ACTIVITY: An exact copy of the data is required; the images should not appear in it.

(PROVIDED MATERIAL Opens)

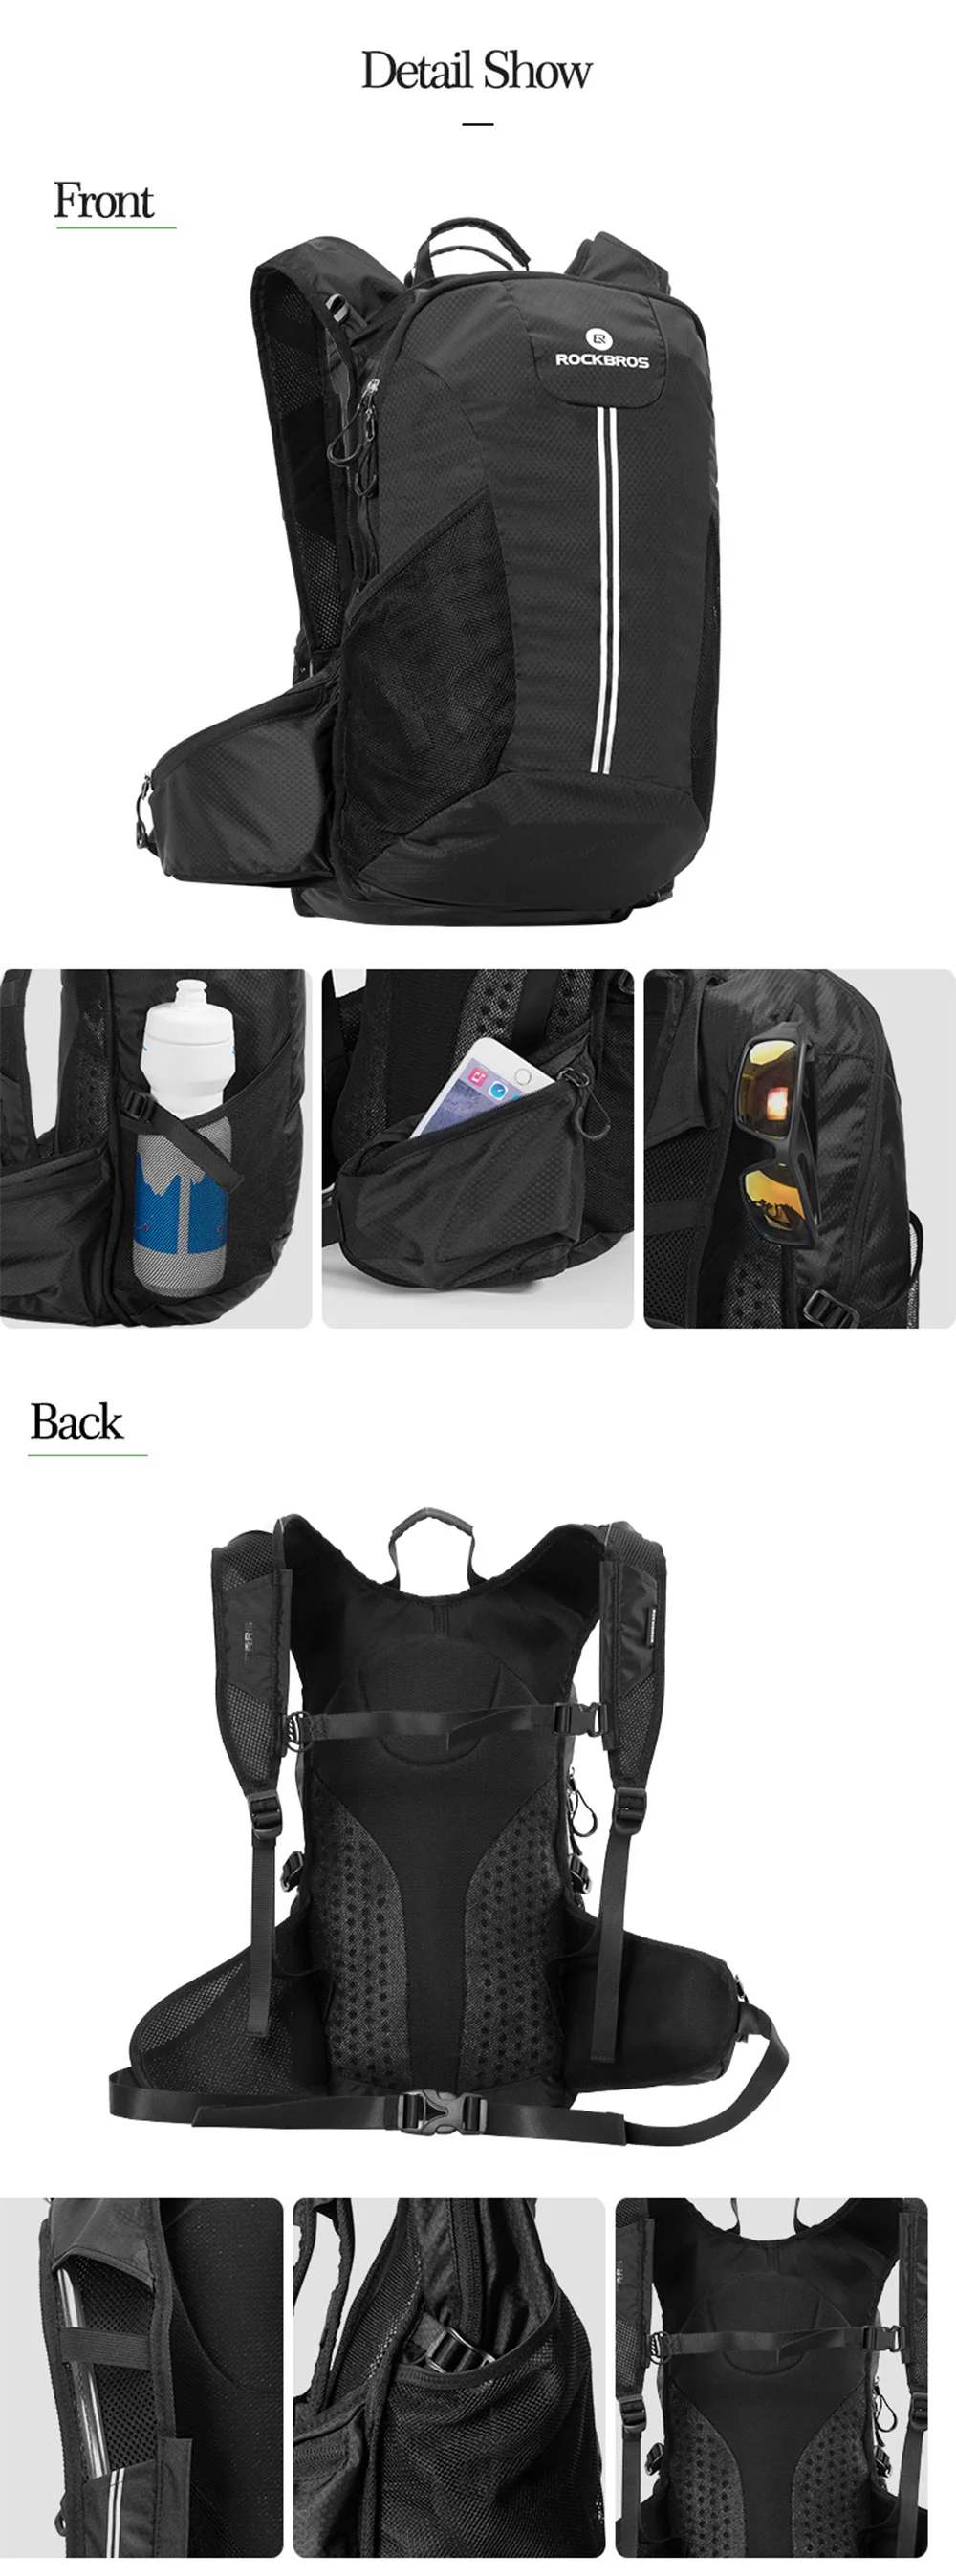 Rockbros Made in China Quality Hot Sale Outdoor Sports Cycling Hiking Camping Mountaineering Daily Training Backpack
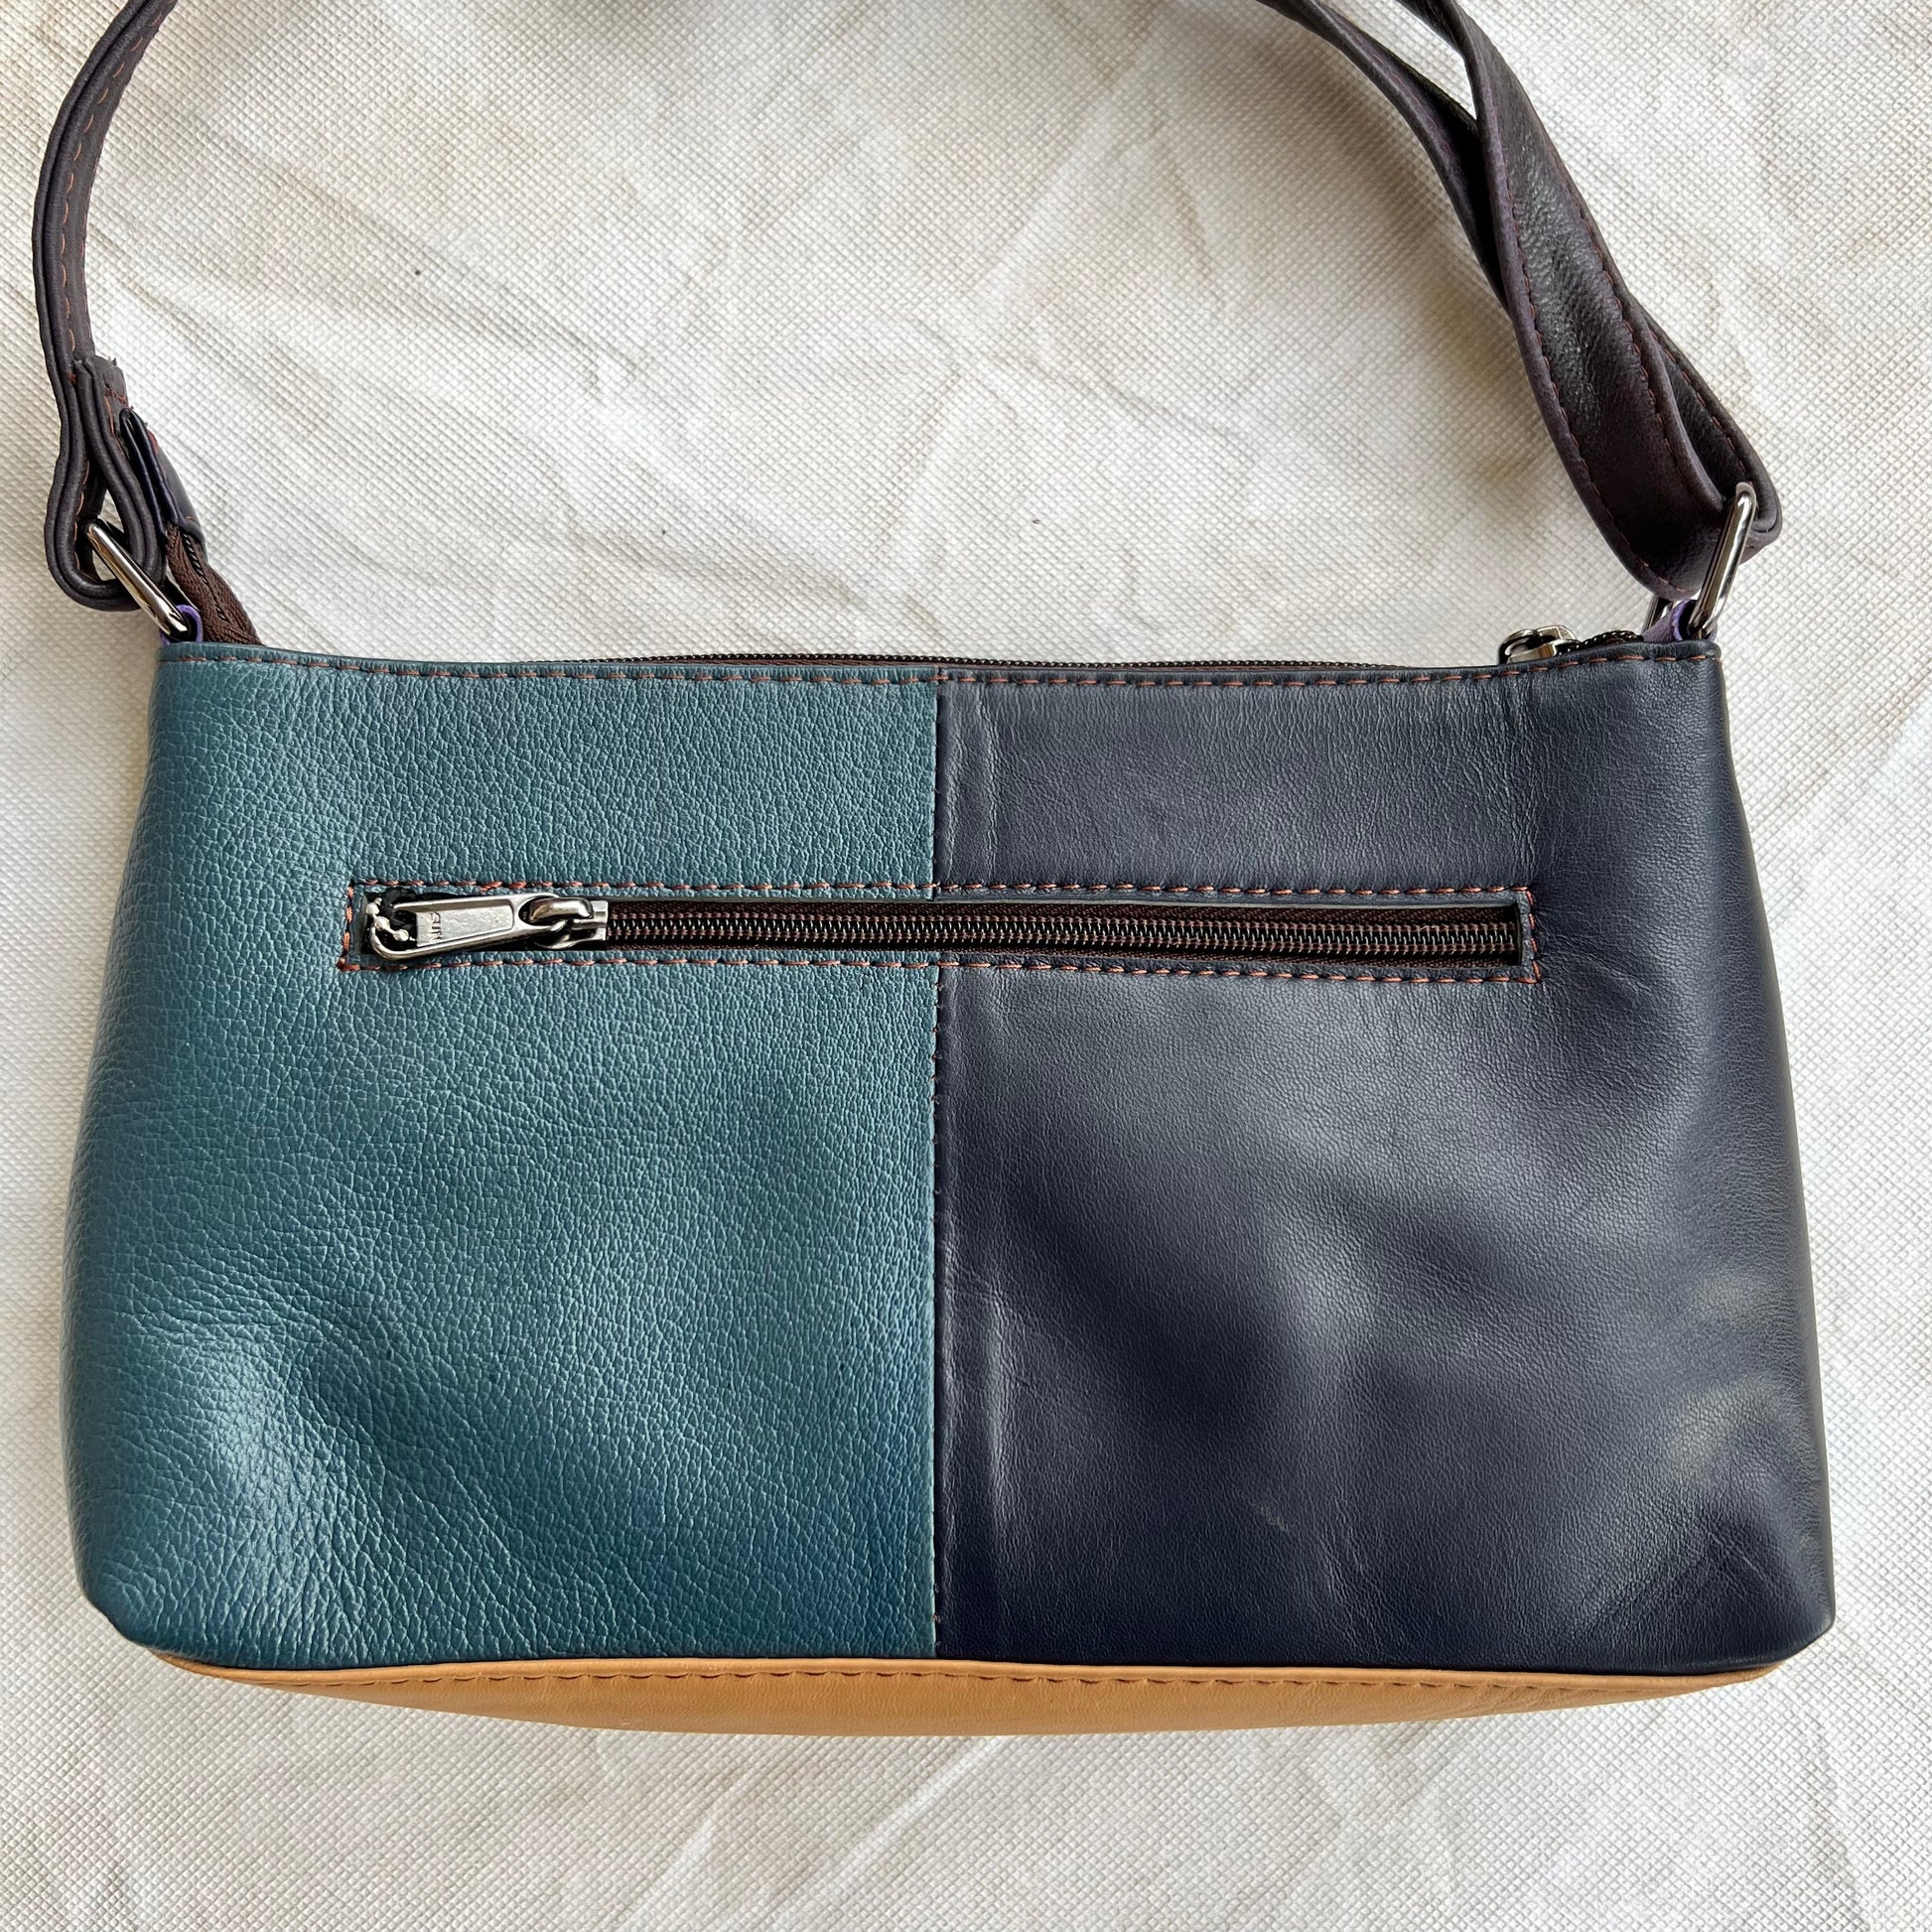 back view of purse that is half blue, half black and has a zipper pocket.
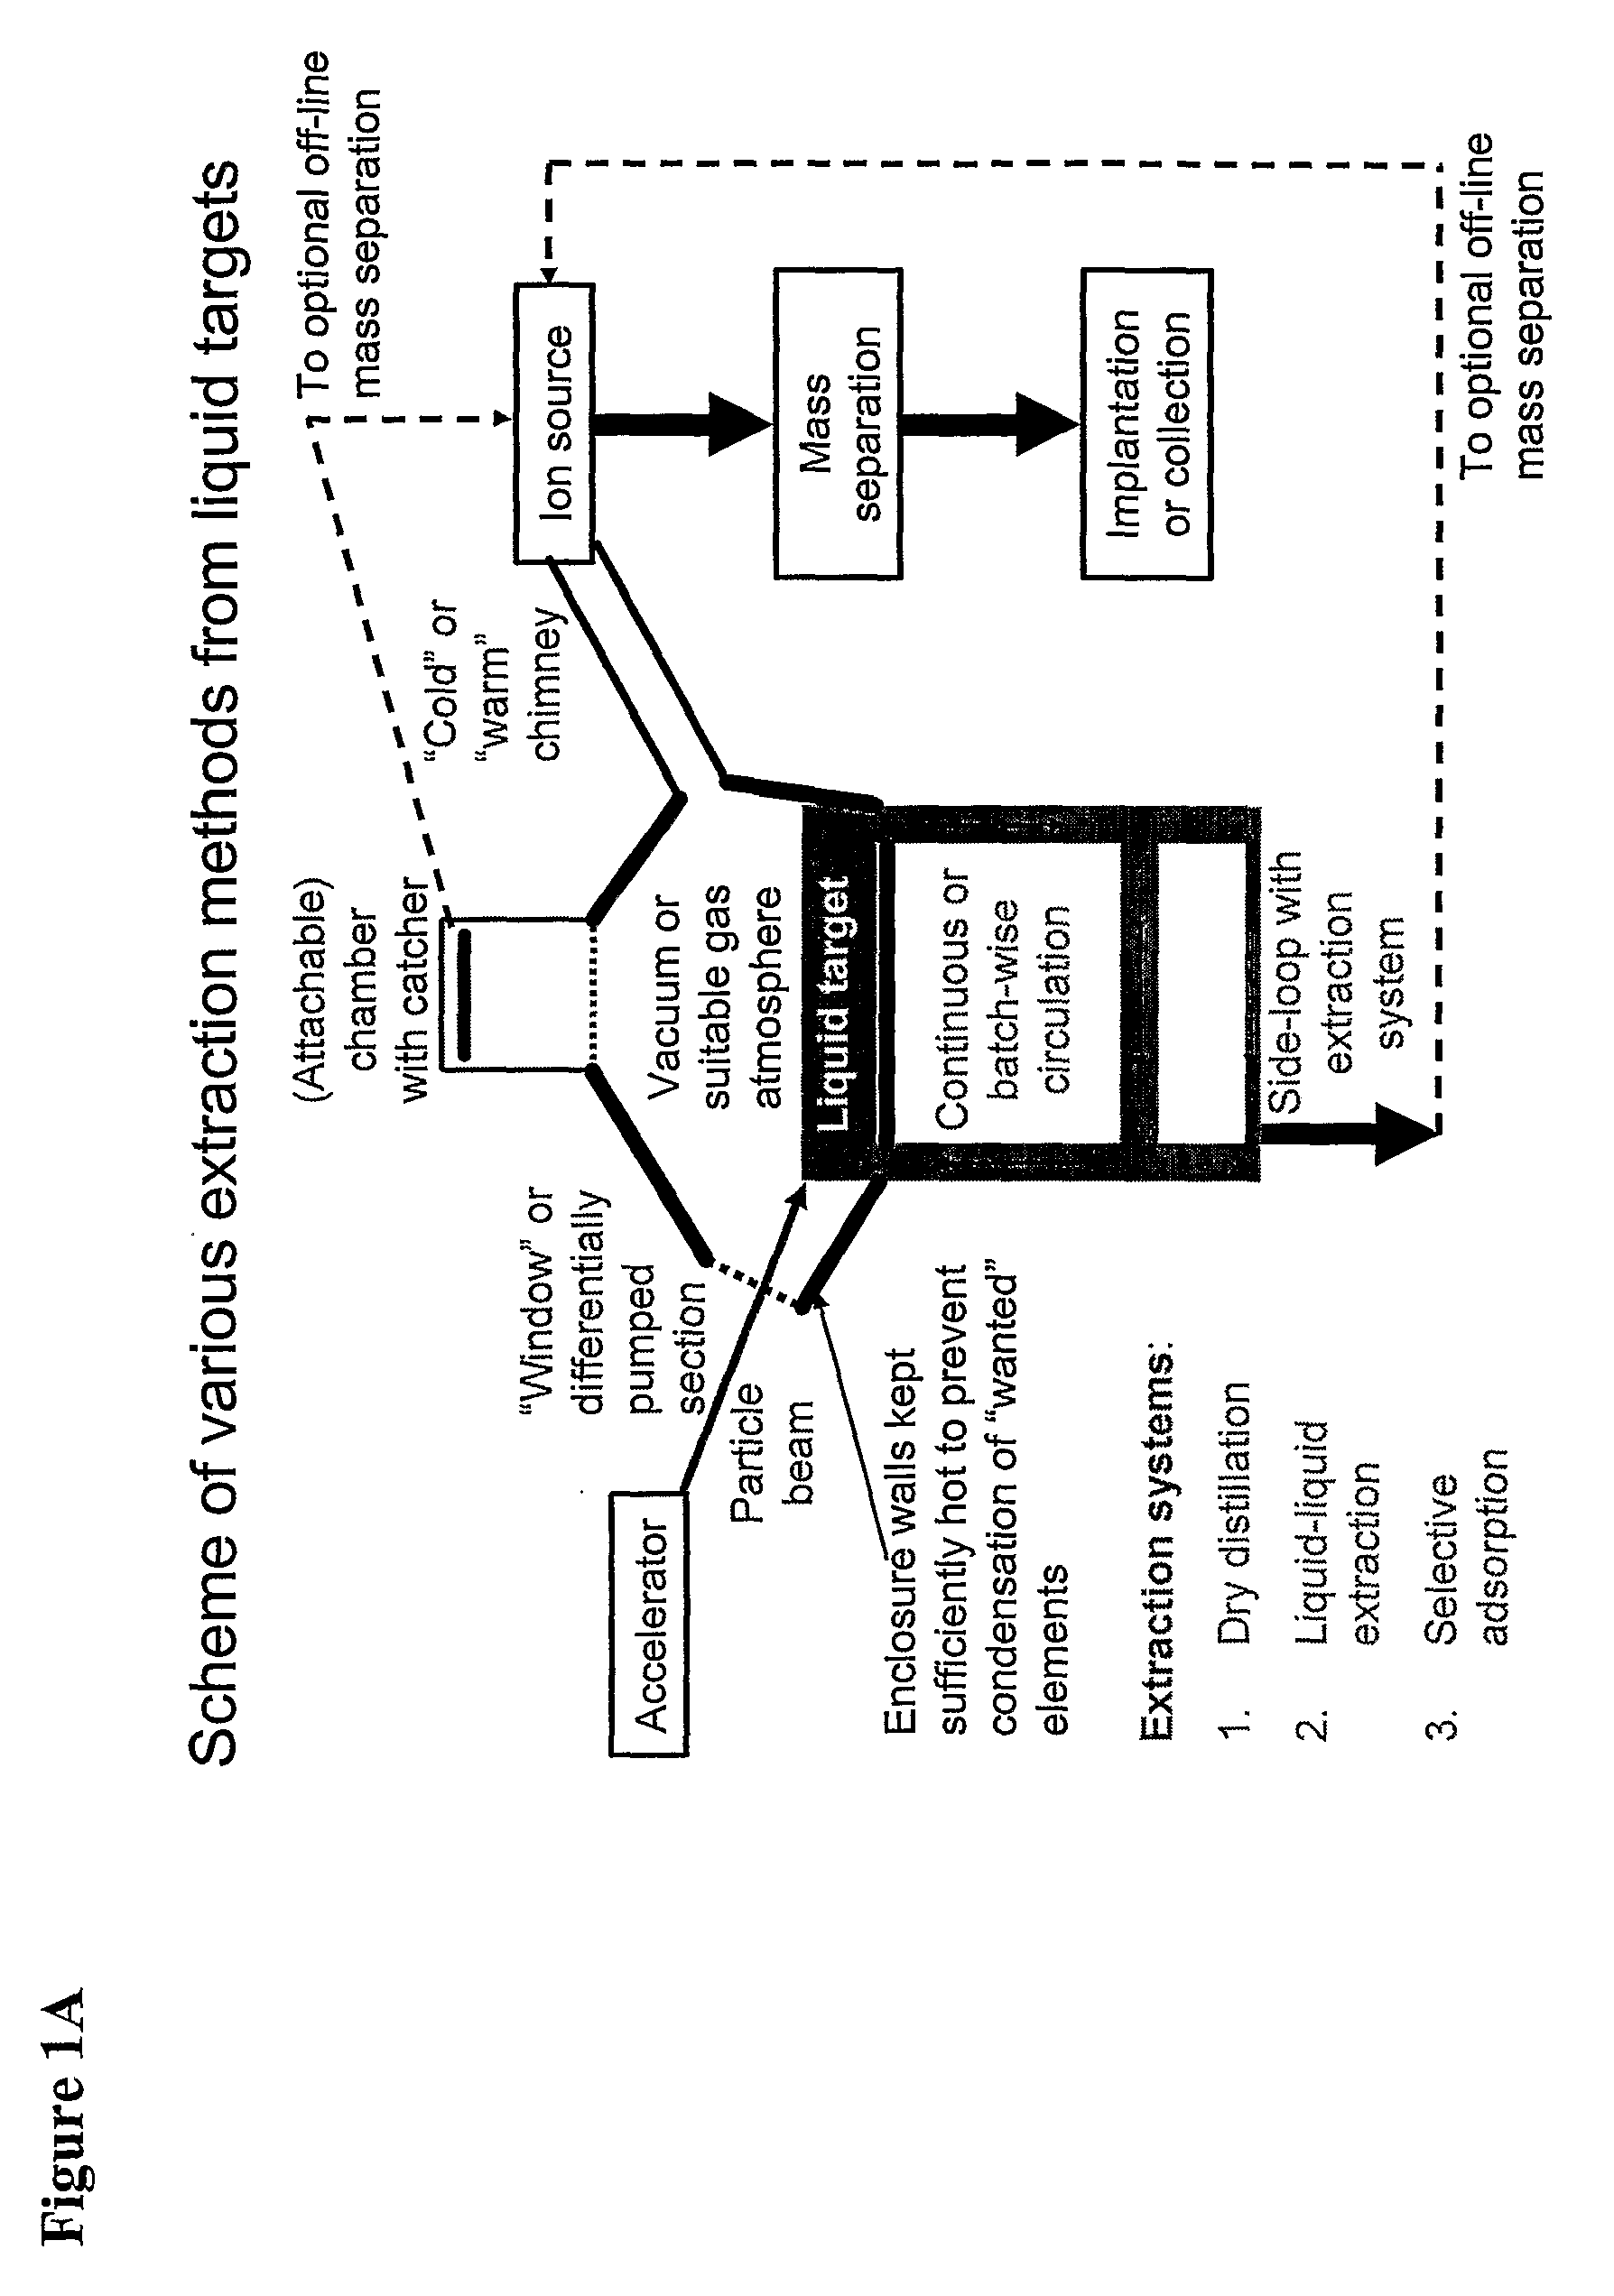 Method for Production of Radioisotope Preparations and Their Use in Life Science, Research, Medical Application and Industry

(PROVIDED MATERIAL Closes)

ANSWER AREA:
 Rockbros Made in China Quality Hot Sale Outdoor Sports Cycling Hiking Camping Mountaineering Daily Training Backpack
 back view of purse that is half blue, half black and has a zipper pocket.
 Method for Production of Radioisotope Preparations and Their Use in Life Science, Research, Medical Application and Industry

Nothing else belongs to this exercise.